> _WHAT TO DO_
Copy every line of the data exactly, keeping out any picture.

> _DATA EXCERPT_
----------
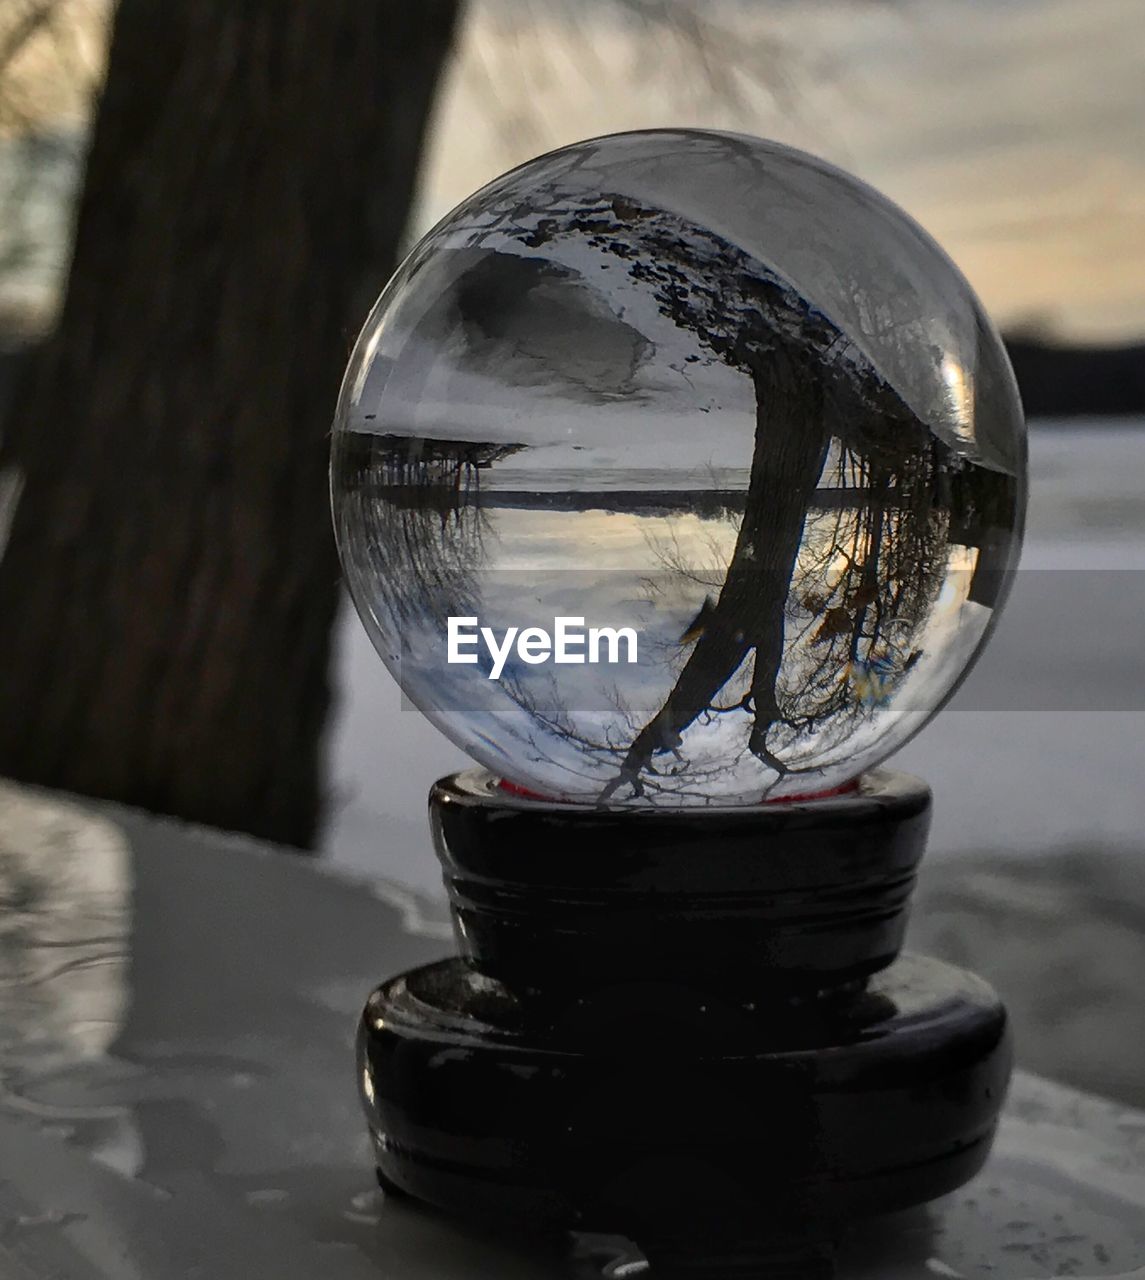 CLOSE-UP OF CRYSTAL BALL WITH REFLECTION ON GLASS
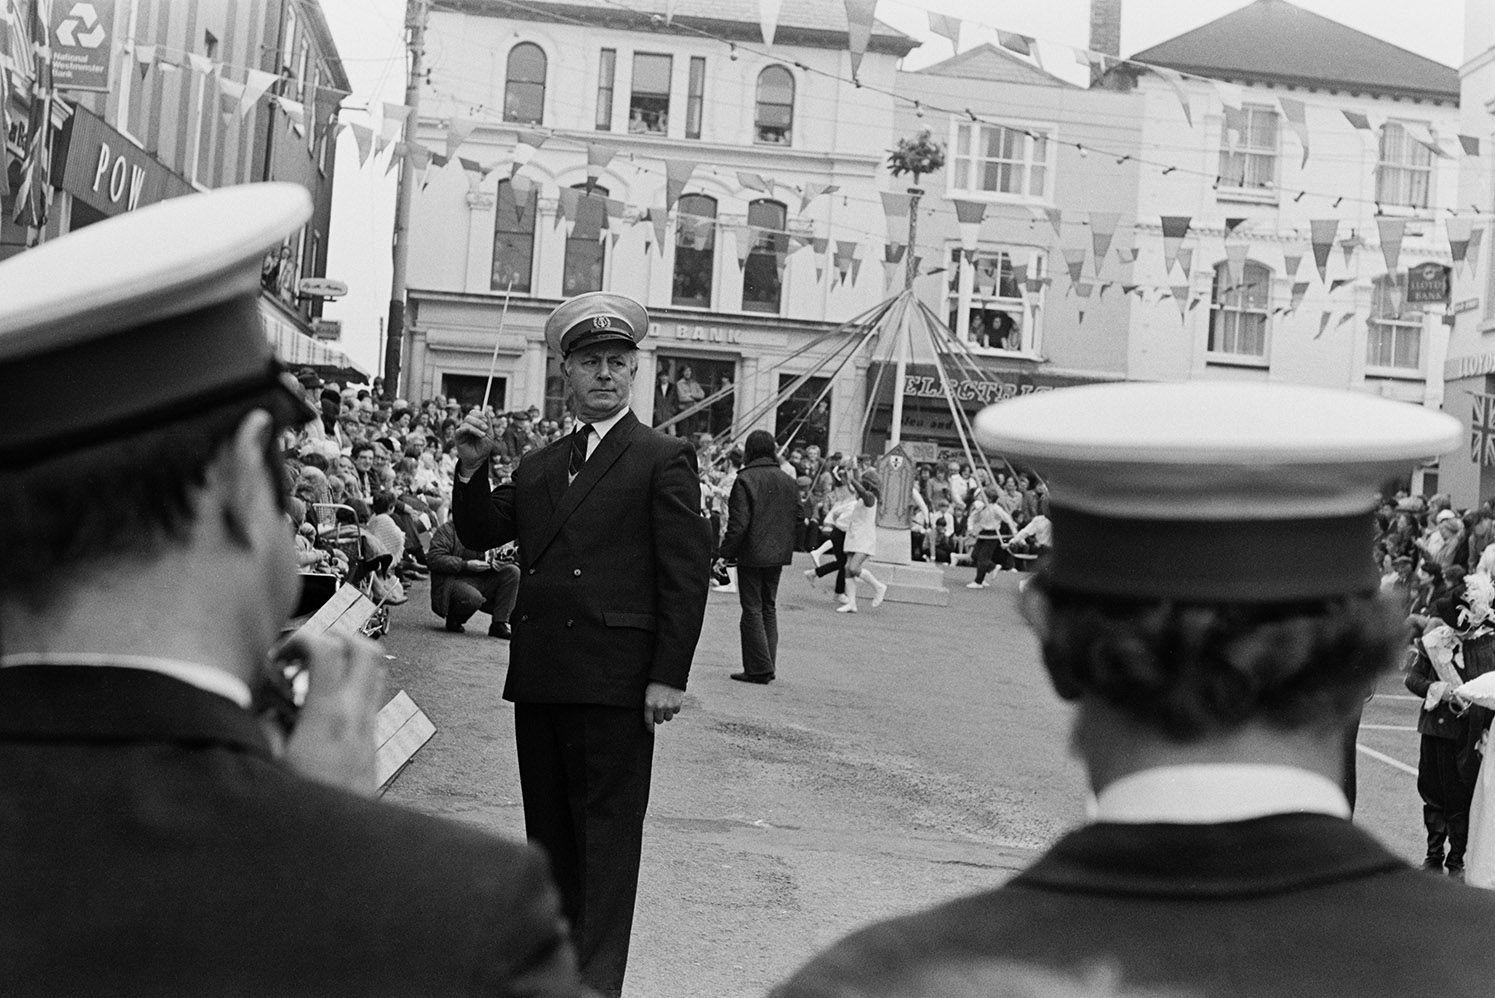 A man conducting a children's brass band at Torrington May Fair. May pole dancers are in the square in the background. The street is decorated with bunting.
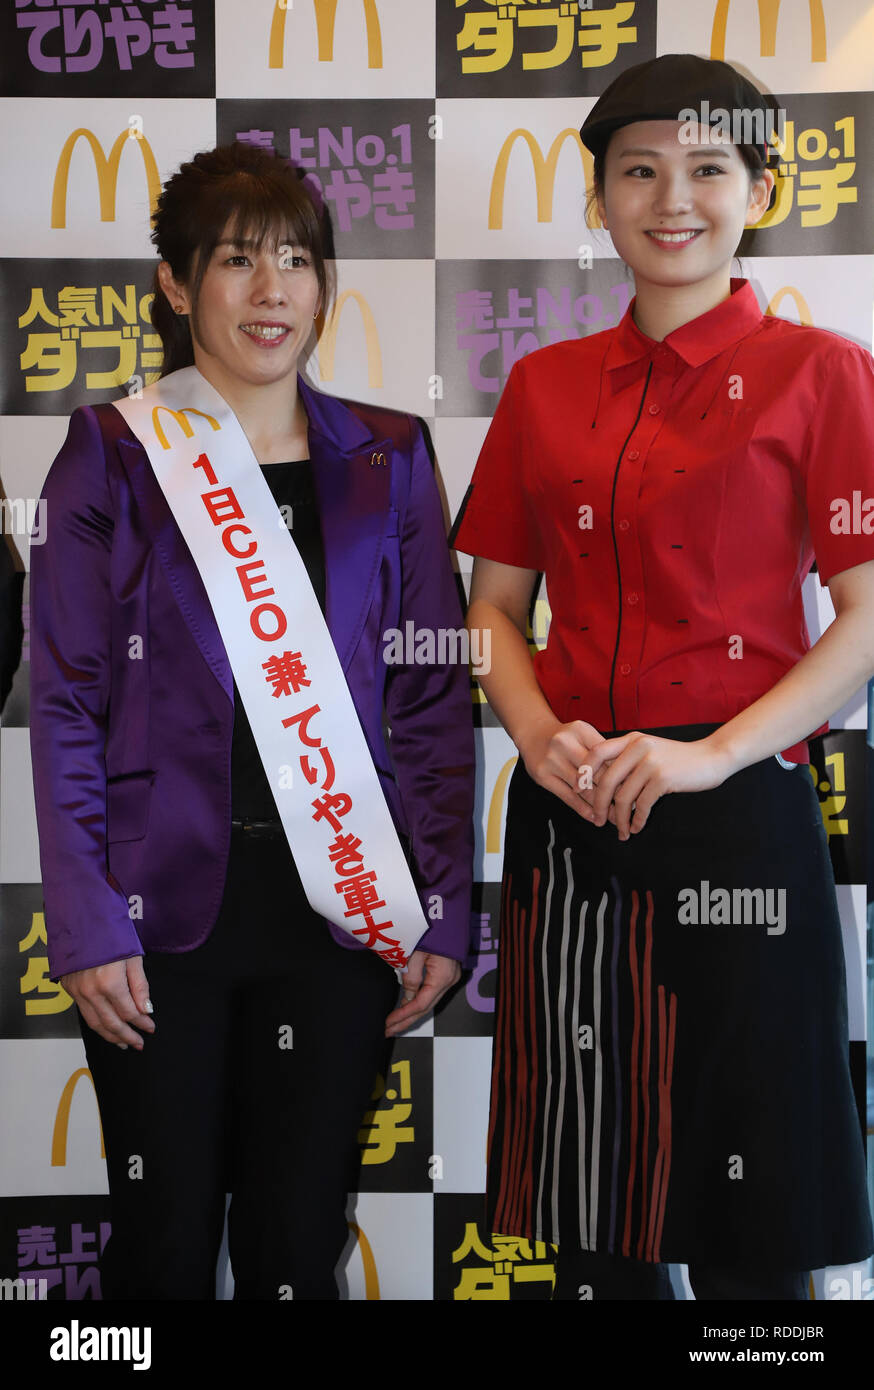 January 18, 2019, Tokyo, Japan - Three times Olympic wrestling gold medalist Saori Yoshida (L) smiles with an employee of McDonald's as she acts as CEO-for-a-day of McDonald's restaurant chain at a McDonald's restaurant in Tokyo on Friday, January 18, 2019. Yoshida attended her first comercial event after she announced reirement from wrestling career last week.   (Photo by Yoshio Tsunoda/AFLO) Stock Photo
----------
> _ANSWER FOR THE TASK_
 CLOSE-UP OF CRYSTAL BALL WITH REFLECTION ON GLASS
 A man conducting a children's brass band at Torrington May Fair. May pole dancers are in the square in the background. The street is decorated with bunting.
 January 18, 2019, Tokyo, Japan - Three times Olympic wrestling gold medalist Saori Yoshida (L) smiles with an employee of McDonald's as she acts as CEO-for-a-day of McDonald's restaurant chain at a McDonald's restaurant in Tokyo on Friday, January 18, 2019. Yoshida attended her first comercial event after she announced reirement from wrestling career last week.   (Photo by Yoshio Tsunoda/AFLO) Stock Photo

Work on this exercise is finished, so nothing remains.